Monday, July 20, 2020

Monday Motivation - Stories Give Reality Form, or Do They?

 “Sometimes reality is too complex. Stories give it form.”
– Jean Luc Godard, film director, screen writer, film critic

I think one of the reasons we long for narrative is our desire to make sense of the world around us.

 Ironically, I scheduled a post with this quote before 2020 went into the current series of tough events: pandemic, murder hornets, locusts, unemployment, the murder of George Floyd, protests and marches, the Space X launch, UFOs, and huge comets coming close to the Earth. I almost just deleted it, and then I decided to reflect on it again.

I believe writing can help us find a narrative "through" line in the circumstances of our lives, whether we seek the narrative through line in fiction or non-fiction.

However, there are times when we just are on the roller coaster of life, clutching at our notebooks and our sanity and we aren't really sure what words to jot down.

How do we find the narrative "through" line, the "form" for this year? 

One day at a time. One word at a time.

In my journal, I have vent-filled accounts - entries in which I just vent all my emotional stuff. I can't say I've found the narrative through line for the whole year, but as I come to the end of those entries I start seeing a pattern to each of them. I start seeking the form for that moment, and I often find it.

I can't control the circumstances of 2020. I can't make decisions for how other people handle everything going on.

I can handle my own stuff. I can pray. I can write. I can seek out beauty. I can walk.

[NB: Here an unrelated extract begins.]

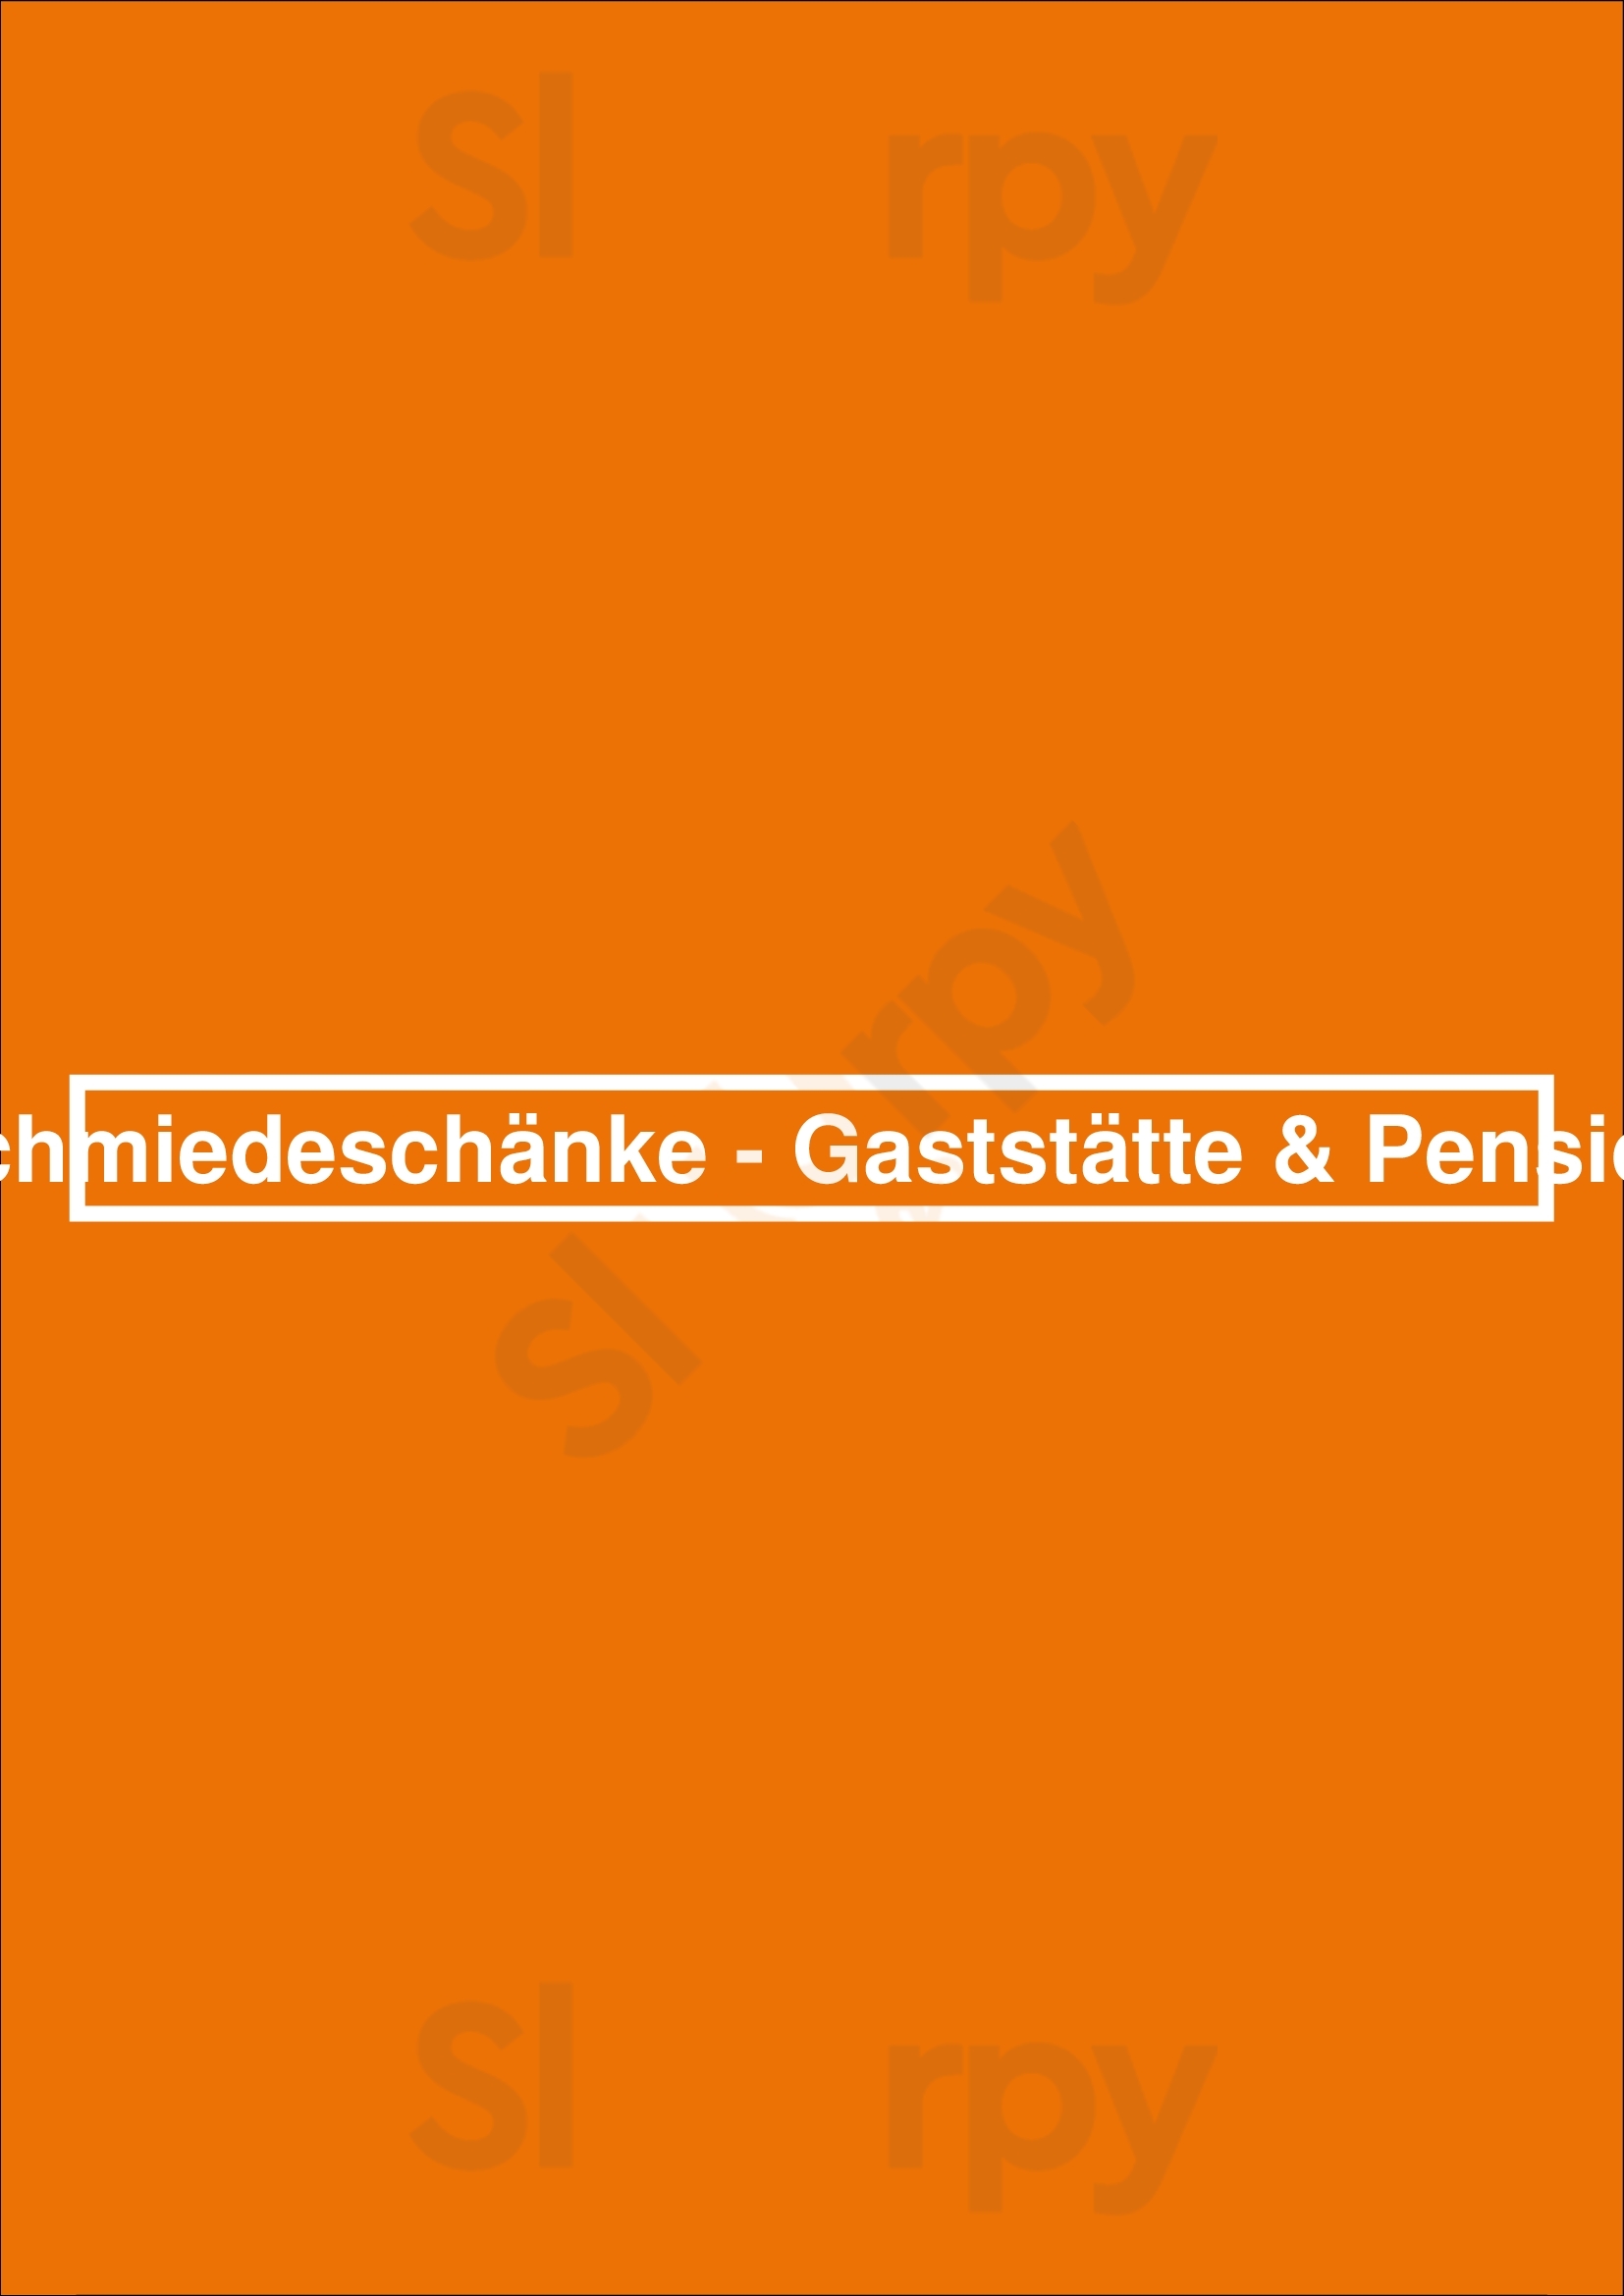 Schmiedeschänke - Gaststätte & Pension Dresden Menu - 1

It feels like a "clinging to the end of the rope" kind of form, but that's okay.

It's a cliff-hanger year.

Maybe in 2021, I'll be able to write something meaningful about life during 2020.

For now, my writing has been short, speculative, but sometimes contemporary issue based, and sometimes just silly. It depends on the day.

And my journal?  I may burn the thing after this year, but I need to vent the garbage out somewhere, and not on my family's heads.

Are you finding a narrative through line for 2020? 
Have you found a form to deal with the complexity of it all?







5 comments:

Natalie Aguirre said...

Funny how you thought of that quote before the pandemic. I'm taking it one day at a time too. Since I finished my agent spotlight updates, I have been working on my manuscript regularly. I don't pressure myself to write every day but regularly is helping get through this all. I also enjoy the few people I feel safe seeing, books, my dog, walks, and my garden.

Nick Wilford said...

Excellent post, all we can do is control what's in our grasp. Weirdly, the trilogy I already wrote before deals with a disease and a vaccine. I need to edit the last part, but it seems difficult at the moment, so I'm writing something totally different.

Tyrean Martinson said...

Natalie - the world is just wild, and things I thought of six months ago are either oddly fitting or just strange right now.
Best wishes for your spotlights, writing, and all the things you enjoy!

Nick - So true. I understand what you mean about that trilogy. I just uncovered a short story I wrote a few years ago about a post-apocalyptic world and I mentioned stuff in there that's happening now. It was kind of disturbing, not in any highly prophetic way, but in the stuff I got right and wrong in the way people behave in bad circumstances. I may revise that story someday, but not now. I would rather write nearly anything else.



Lisa Southard said...

Definitely just bumping along! One day at a time and making time to soothe the road-burn.

Tyrean Martinson said...

Yes, it's the only way to survive 2020.